Mereka duduk setelah lama berjalan. Kata pria paruh baya itu, mereka semakin dekat untuk membawa Ellina pulang.
Namun perlu diketahui kalau mereka jangan sampai tertangkap keberadaannya oleh suku sini, kalau tidak mereka akan jadi tahanan selamanya.
"Kenapa ada tempat seperti ini ya? Apa pak menteri atau pun pejabat pemerintah tidak pernah mengetahui tentang ini sebelumnya?" Ujar Vernon bertanya-tanya.
"Tentu saja mereka tidak tau, karena ini perbatasan antara negara kita dengan negara seberang. Banyak juga orang seperti kalian kadang tersesat ketika tidak sengaja kecelakaan."

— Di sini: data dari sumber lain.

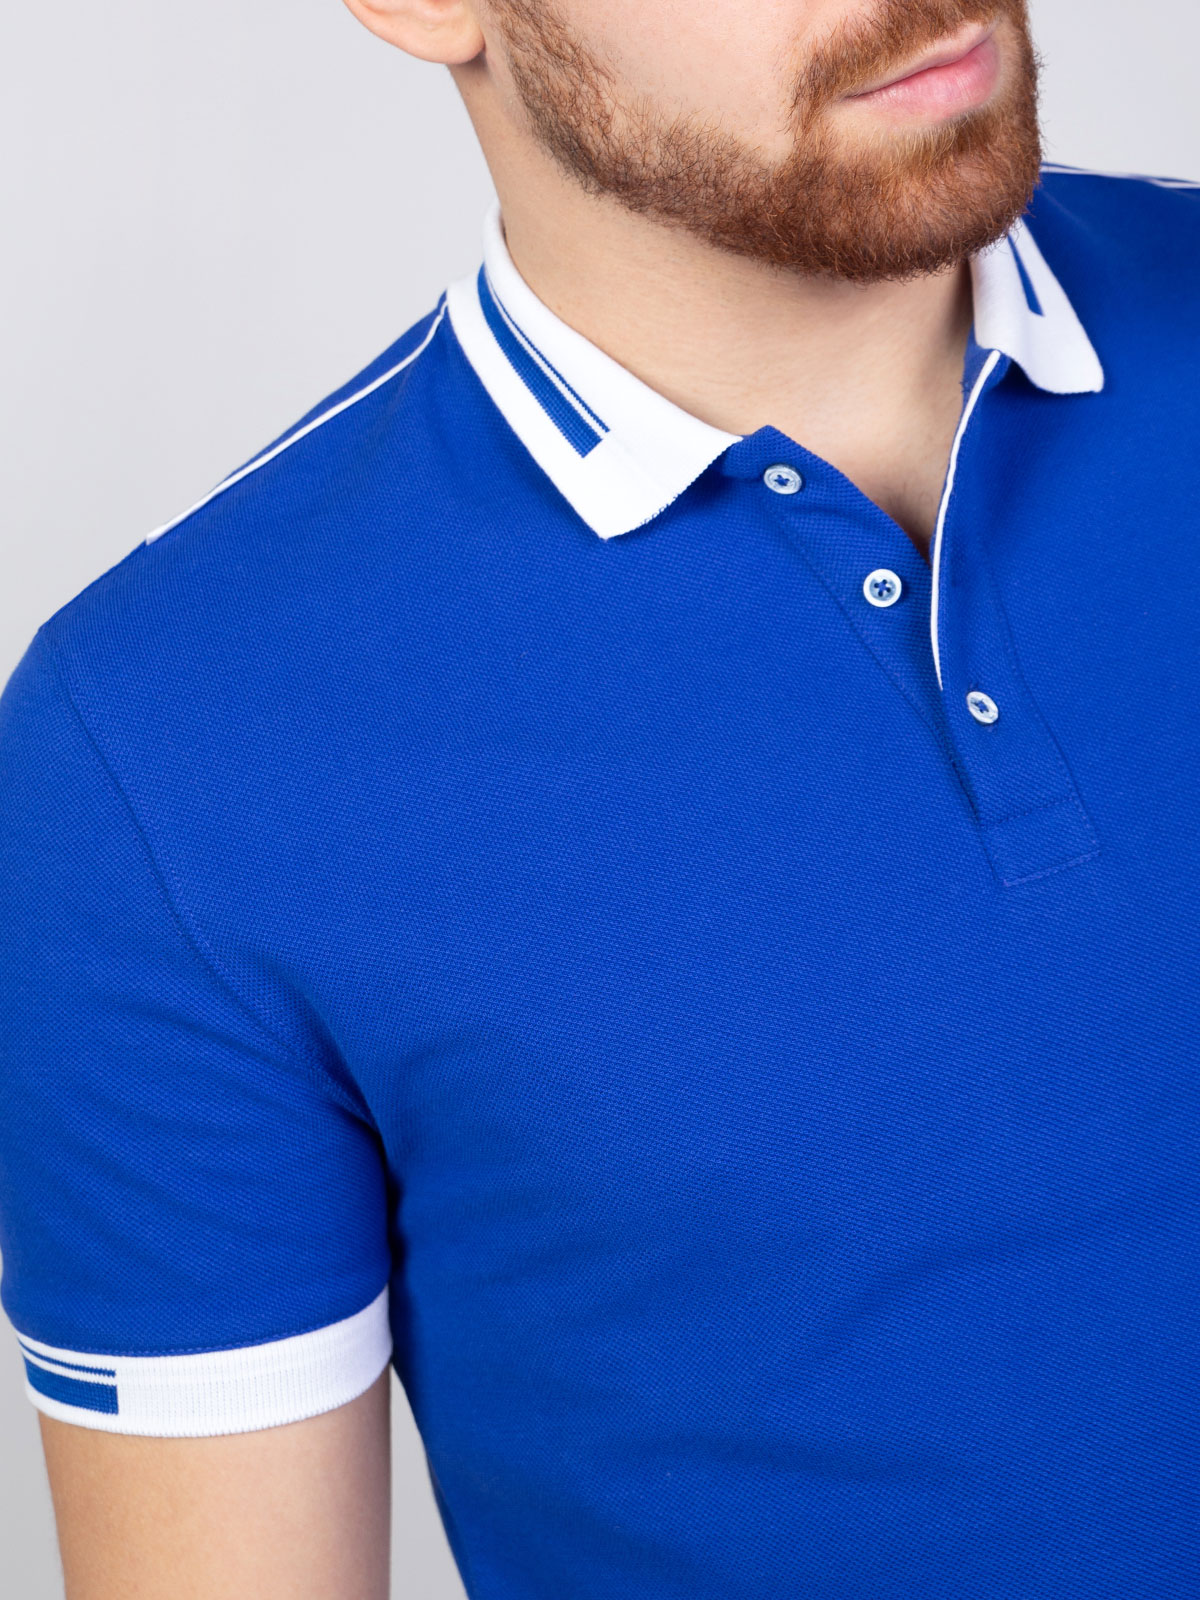 Bluză în albastru regal cu guler în alb - 93398 € 20.25 img3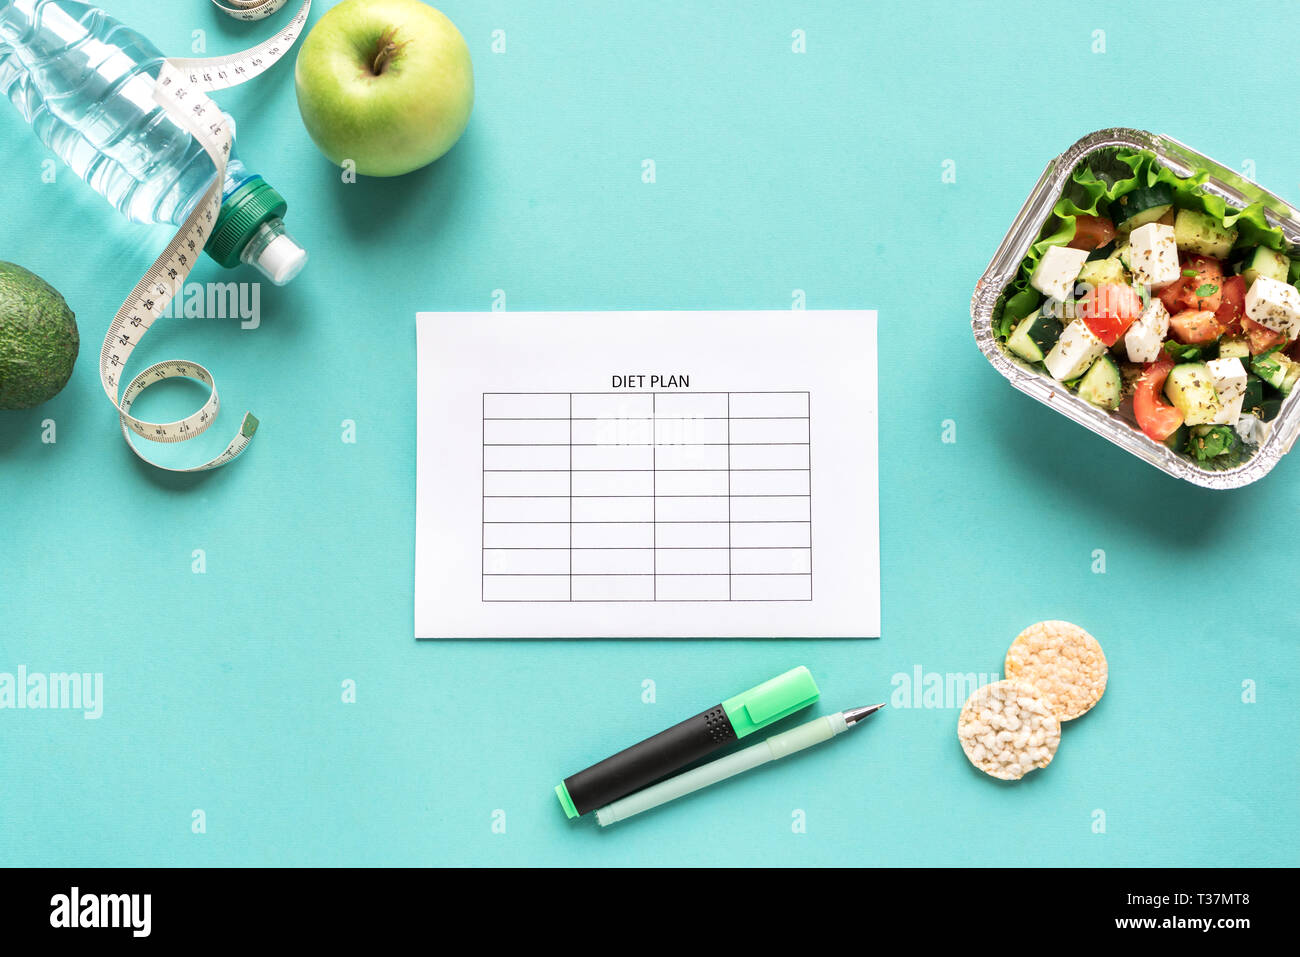 Diet Meal Plan mockup mit Wasser, Obst, Salat und Maßband. Fitness Ernährung, Diät Konzept auf Blau, top anzeigen, kopieren. Stockfoto

Pria paruh baya itu tampak terdiam serius, kemudian kembali melanjutkan ceritanya, "sebenarnya dari leluhur saya dulu, ada sekitar tiga orang pernah tersesat di dalam sini. Dua orang tidak pernah kembali karena memilih menetap, dan satunya lagi berhasil keluar dan besoknya dia gila."
Yorsa dan Vernon yang mendengar hal tersebut tampak terkejut. Mereka berdua menelan ludah gugup, tampak ada keraguan di mata mereka ketika hendak lanjut.
"Kalian kalau terlalu takut, lebih baik kita berhenti sampai di sini saja."
Yorsa tampak merasa bersalah, "tapi kita sudah setengah jalan, akan sangat pantang untuk mundur kembali."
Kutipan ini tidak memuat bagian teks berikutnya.